(2 days, 18 hours ago)
Lords ChamberMy Lords, I draw attention to my interests as set out in the register. I just want to talk very briefly about schools today. I say clearly that I have seen at first hand the transformative power of academies to deliver excellent education where there has been failure. When academies were introduced—and I was involved enthusiast—they were a tool for the urgent improvement of schools, not an ideological symbol. The idea was simple but radical: open up to new energy and expertise, allow great leaders the freedoms to create enthusiastic teams and raise standards and, crucially, to make sure there was accountability so that schools that were failing children, particularly from the most disadvantaged backgrounds, could not carry on failing the next cohort. It worked, and many of us around this House were involved in that mission.
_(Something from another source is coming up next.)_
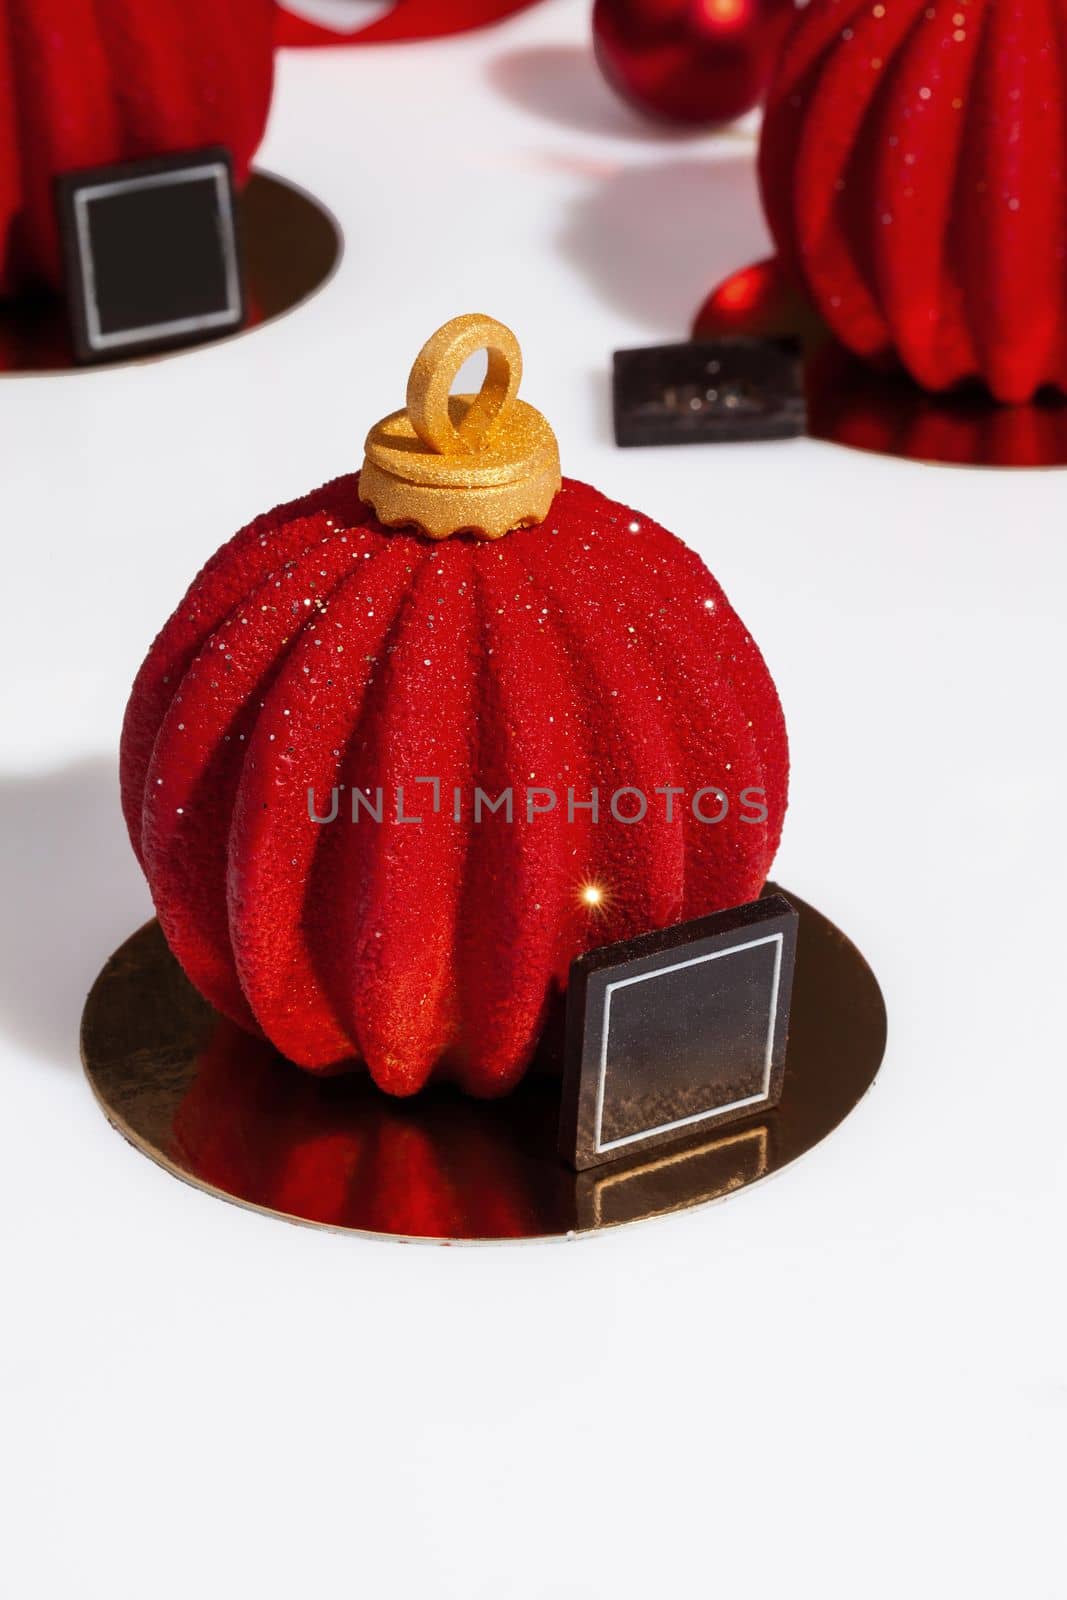 Christmas ball shaped pastries covered with scabrous sparkling red sugar icing with chocolate on golden serving cardboard on white background. Creating festive mood and atmosphere with sweets
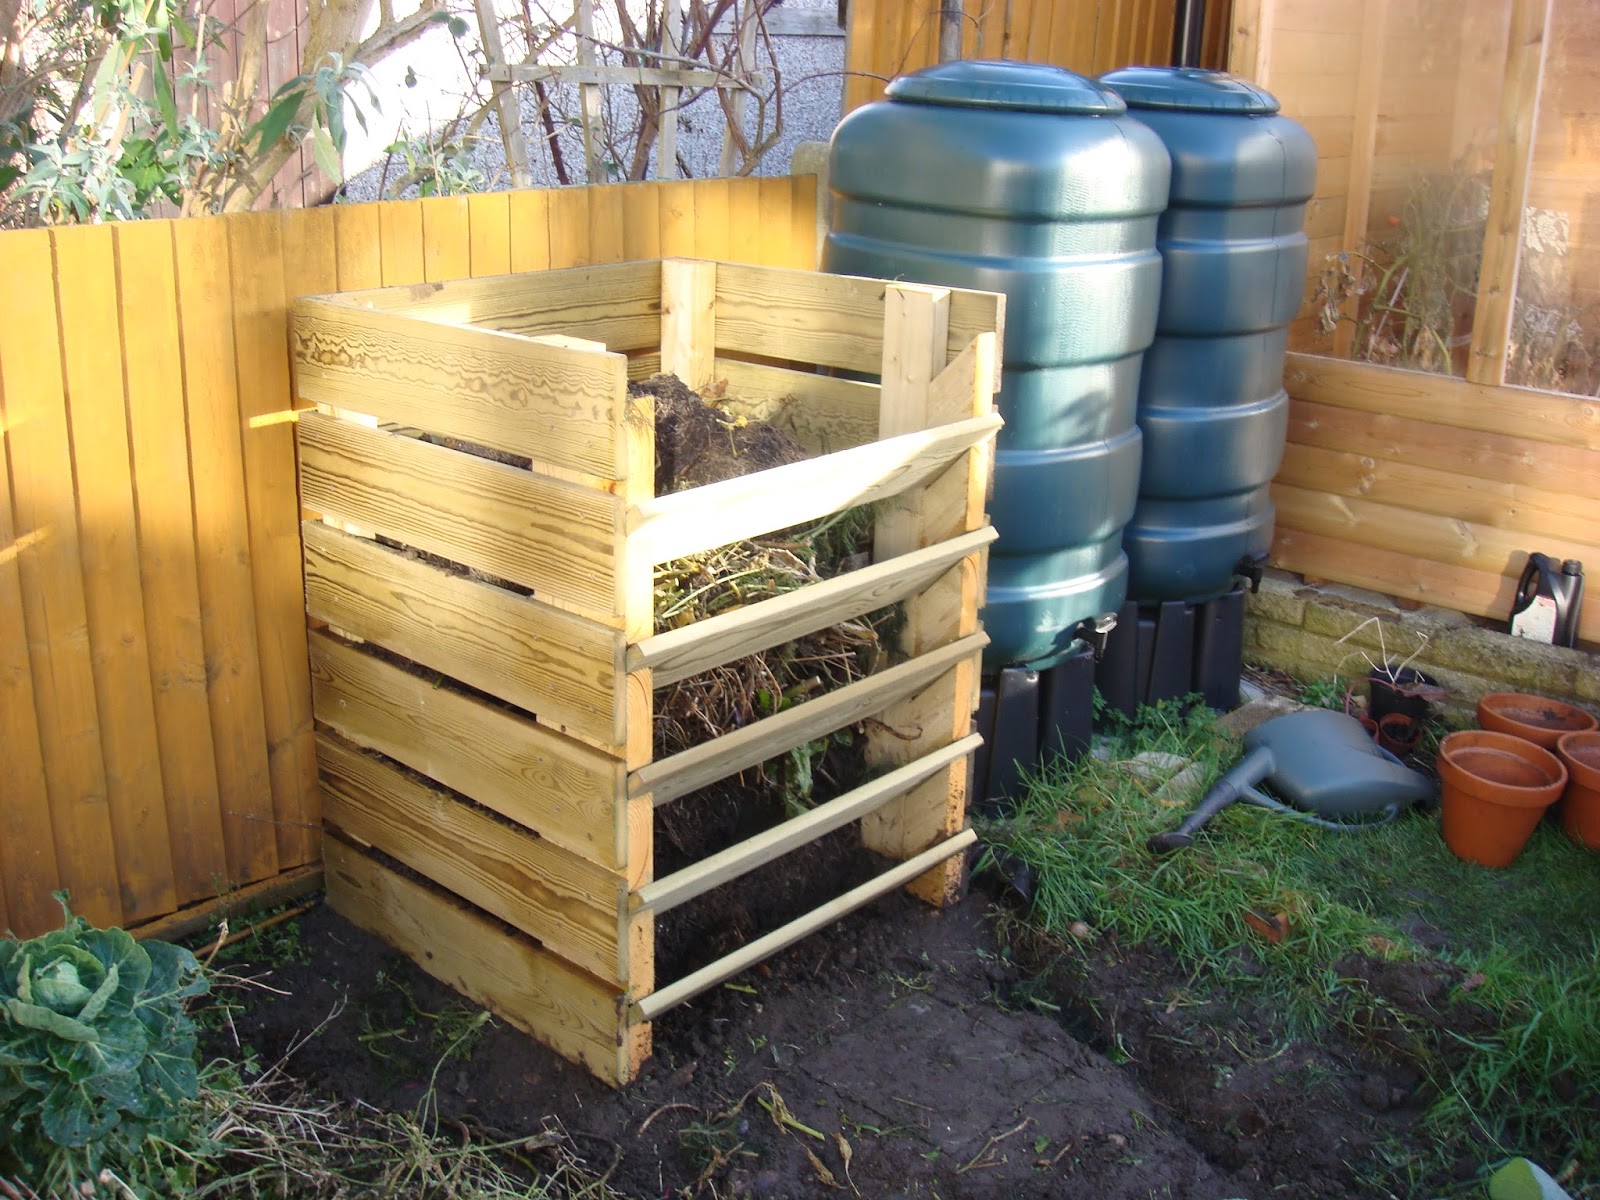 Veg patch from scratch: How to make your own wooden ...

I fear that we have lost sight of the original purpose. The debate in recent times has shifted from standards to structures, outcomes to ideology. Today, over 80% of secondary schools are academies—the landscape has fundamentally changed. Academisation alone cannot be the answer when it is already the dominant model. In some cases it has delivered hugely, but it is not a panacea. What we need now, again, is to refocus relentlessly on standards and outcomes for every child in every school, whatever its structure and whatever the badge on the school gate. We should remember what has worked and replicate that, including earned freedoms.
We should be totally and utterly impatient and relentless about poor quality in any school, whether academy, maintained, free school or faith. Any school that is failing its pupils should be given a short, focused period to improve dramatically. If it cannot, leadership must change. Handing over a school to a poorly performing provider of whatever label is not acceptable, ever. Quality and rigour are what matters. Every year a child spends in a failing school is a year of potential lost, and the disadvantage gap and regional disparities persist.
What frustrates all of us is that we know we have the tools to address this, but sometimes we lack the will to use them consistently. The current rebrokering process for academies can take years, during which children continue to be failed, and that has to change. We need to recapture the original spirit of academy reform: clear standards, strong accountability and swift intervention when those standards are not met for all schools.
Accountability is more than data measurements and inspection regimes; it is also about nous. It is about having the courage to act decisively when children are being let down. I used to say when I was there that Ofsted had to be an agent for improvement. Its reports have to lead to change. I remember talking to pupils in some of the very first academies we created. They were so excited about the tangible evidence of investment in their future, the ambition embodied in every aspect of a school. We must not lose that sense of possibility and drive for excellence.
The evidence from strong academy chains and networks shows what works: strong leadership, great teachers, curriculum expertise, behaviour policies that create calm learning environments and, crucially, the willingness to share what works across schools. The goal remains what it always was: to ensure that every child, regardless of background, has access to excellent education. Academies can and do play a crucial role in this mission, but they are a means to an end, not an end in themselves.
The Bill has clauses that I know will lead to heated debate, and I believe we will improve it as we go along. I will not go there on these details today. Today, my plea to all of us around this House is simple: please let us return to first principles, high standards, strong accountability and swift action where these standards are not met. Let us avoid excuses, justifications, compromises. Let us judge schools by their outcomes and let us act with the urgency that our children deserve.